The chromatographic system (Waters, Avondale, CA) consisted of a pump (Waters 600), an automatic injector (Waters 717), a UV detector (Waters 2489), and a Workstation (Empower). Chromatographic separation was achieved by using a C18 column (Nucleodur 100-5 C18 column, 5 μm, 4.6 mm × 250 mm) at 40°C. The mobile phase consisted of (water (0.2% phosphoric acid)/methanol with the ratio of 55 : 45, A)-acetonitrile (B) and programmed by 100-100% (v/v) A at 0.0–15.0 min, 100–20% A at 15.0–18.0 min, 20-20% A at 18.0–23.0 min, 20–100% A at 23.0–28.0 min, and 100-100% A at 28.0–35.0 min. Detection was performed at wave length of 240 nm with a flow rate of 1 mL/min. The total running time was 35 min for each sample.

2.4.2. Method Validation

The HPLC method was validated for the linearity of the calibration curve, accuracy, precision, and recovery. There was no significant interference at the expected retention times of the analytes and the IS. The analytes showed satisfactory linearity over the studied concentration ranges in rat tissues. The intra- and interbatch precision and accuracy were within recommended limits, and the extraction efficiency for the analyte was acceptable. Therefore, the HPLC method was validated and applicable for determining prednisone and prednisolone concentration.

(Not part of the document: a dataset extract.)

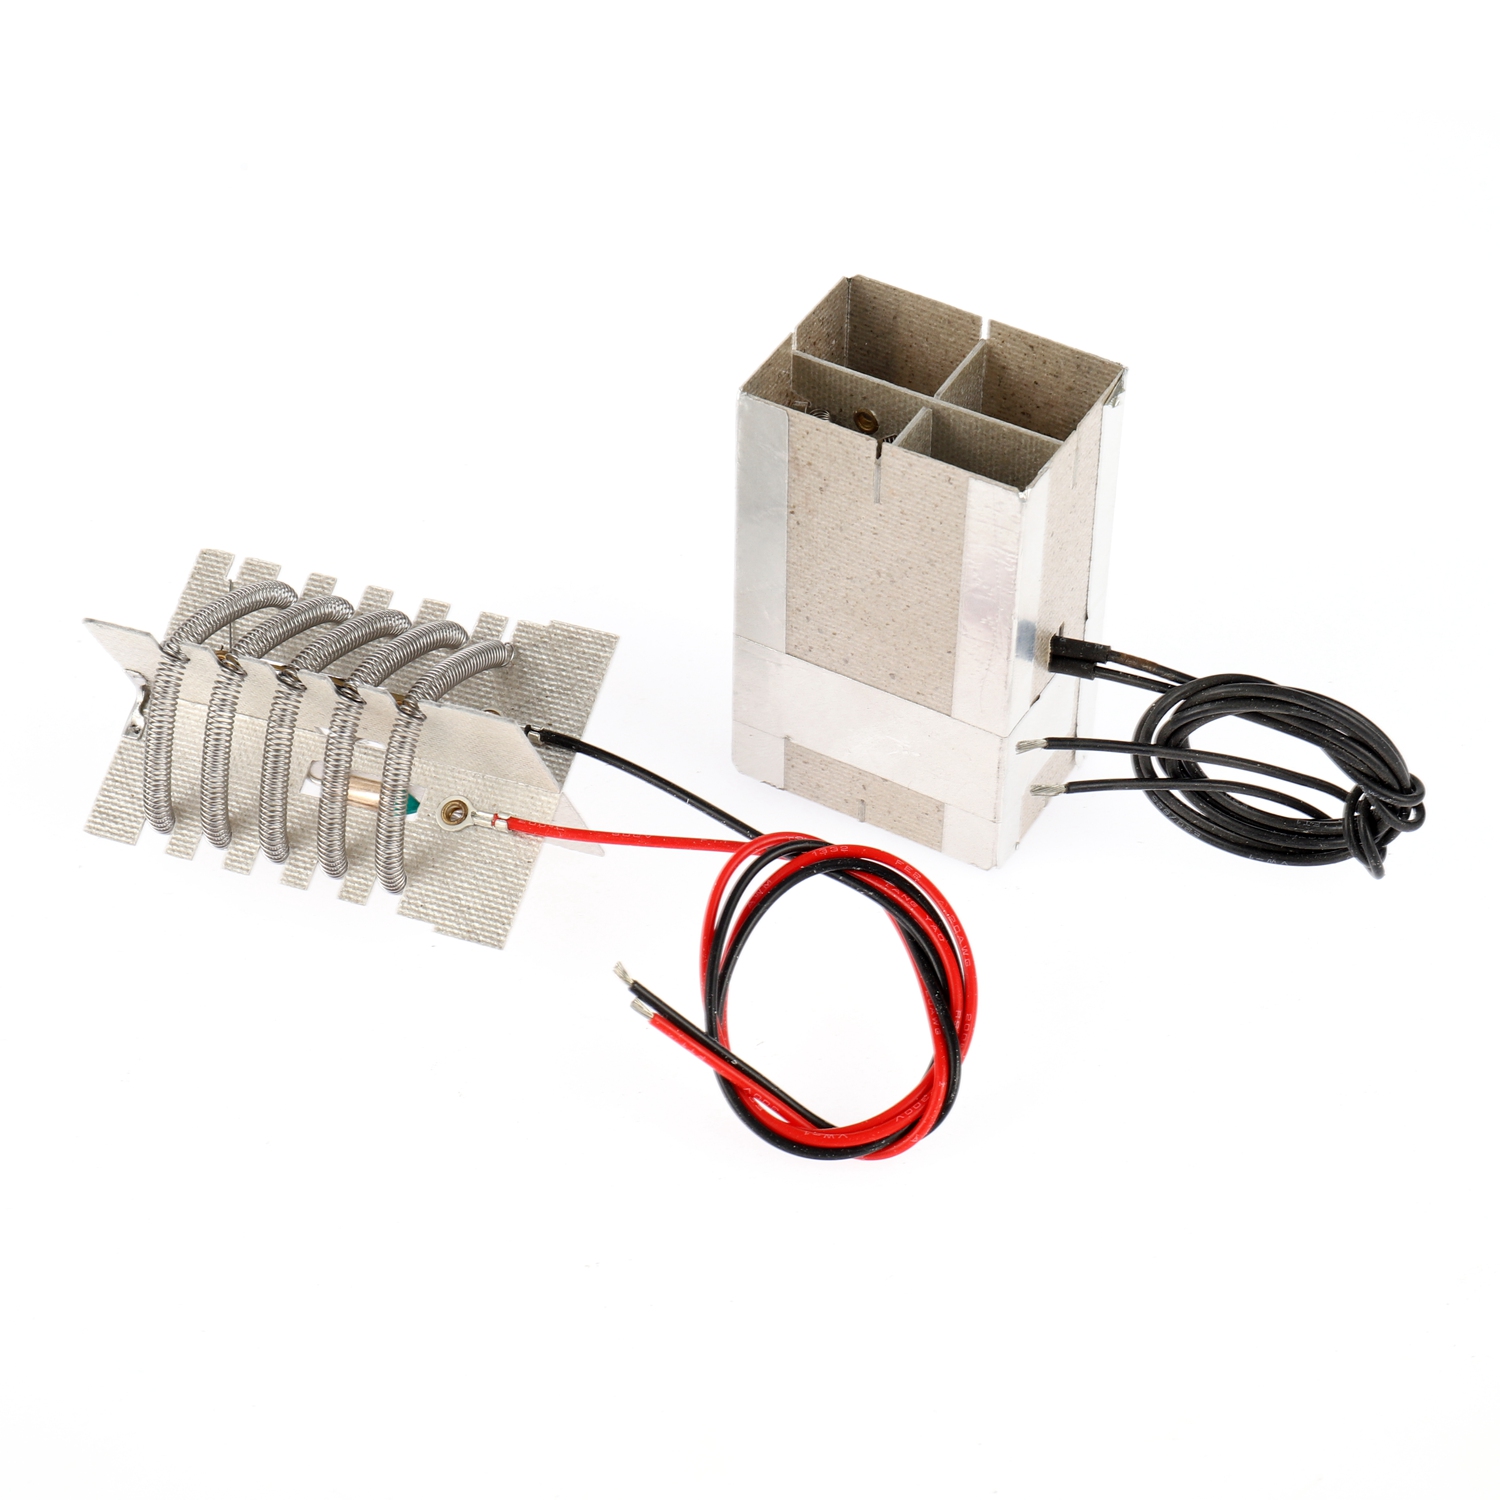 Cable calefactor de mica, Calentador de inodoro inteligente, Aplicación de elemento calefactor de mica, Cable de secado de inodoro inteligente (3)
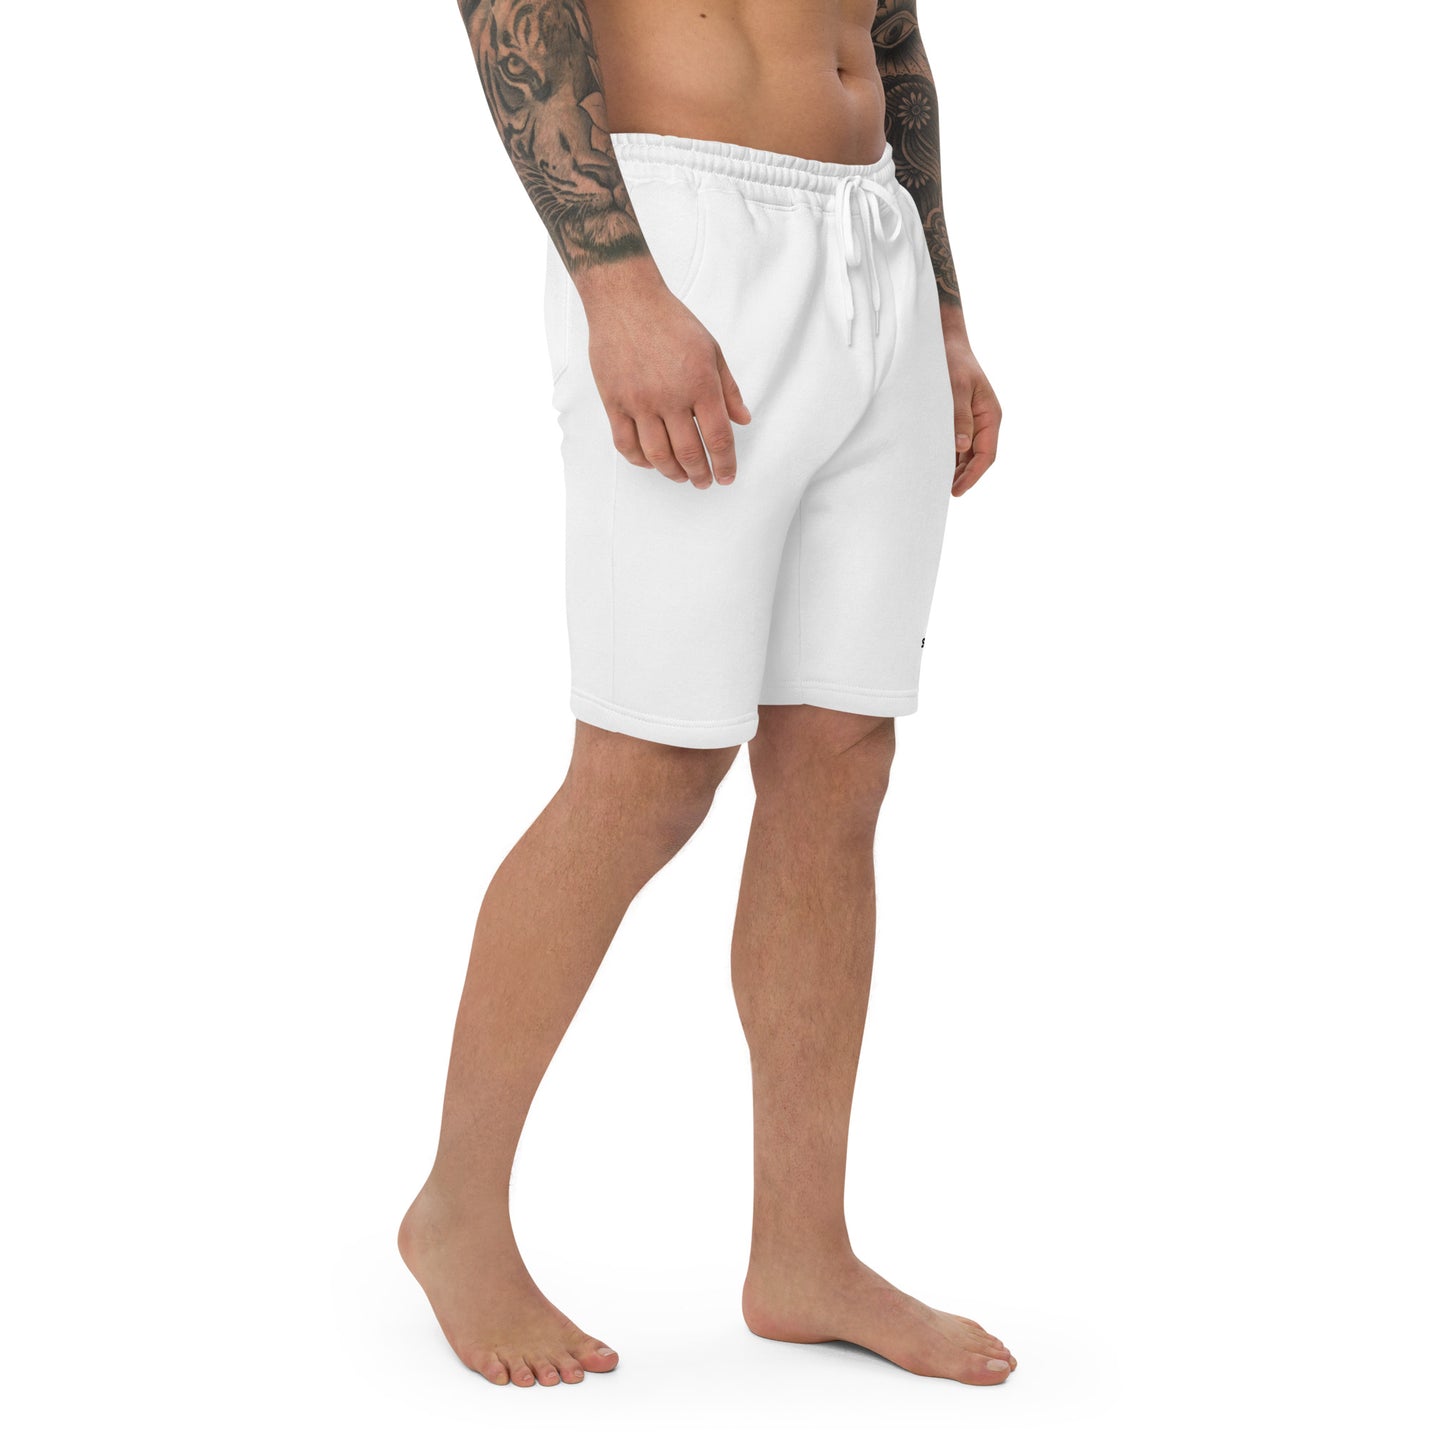 WHITE Men's Fleece Shorts

2.5. Preparation of Rat Liver and Kidney Microsomes

Rats were euthanized with diethyl ether before liver and kidney were harvested and washed with ice-cold 0.9% NaCl solution. Tissues were homogenized in homogenization buffer (10 mmol/L Tris containing 0.25 mol/L sucrose and 1 mmol/L EDTA, pH 7.4) at 4°C. The homogenate was subjected to centrifugation at 16000 g for 20 min at 4°C. The supernatant fraction was subjected to centrifugation at 100000 g for 60 min at 4°C. The first microsomal pellet was washed and resuspended in wash buffer (0.1 mol/L potassium pyrophosphate containing 1 mmol/L EDTA, pH 7.4) and then reisolated by ultracentrifugation (100000 g for 60 min at 4°C). The washed microsomes were suspended in a small volume of Tris-HCl buffer containing 20% of glycerol and stored at −80°C until use.

2.6. Microsomal Incubation

The incubation system, with a total volume of 0.2 mL, contained the substrate (1 mg/mL, prednisone for liver and prednisolone for kidney), liver (5 μg/μL) or kidney (3 μg/μL) microsomes, 100 mM potassium phosphate buffer (pH 7.4), and NADPH for liver or NADP+ for kidney (1 mM). The linearity of metabolism was examined with respect to incubation time and microsomal concentration. The reaction was started by adding 20 μL of NADPH to the 140 μL of potassium phosphate buffer containing 20 μL of microsomes and 20 μL substrate that was preincubated for 5 min at 37°C. After incubation at 37°C for 25 min (liver) or 45 min (kidney), 600 μL of methanol was added to the reaction mixture to stop the reaction. Then 10 μL of dexamethasone (10 mg/mL, internal standard) and 600 μL methanol were added to 200 μL of the mixture, vortexed for 2 min, and centrifuged at 10800 rpm for 5 min. 10 μL of the supernatant was injected into HPLC system for analysis. The production rate (pmol/mg protein/min) of metabolites was used to indicate enzyme activity.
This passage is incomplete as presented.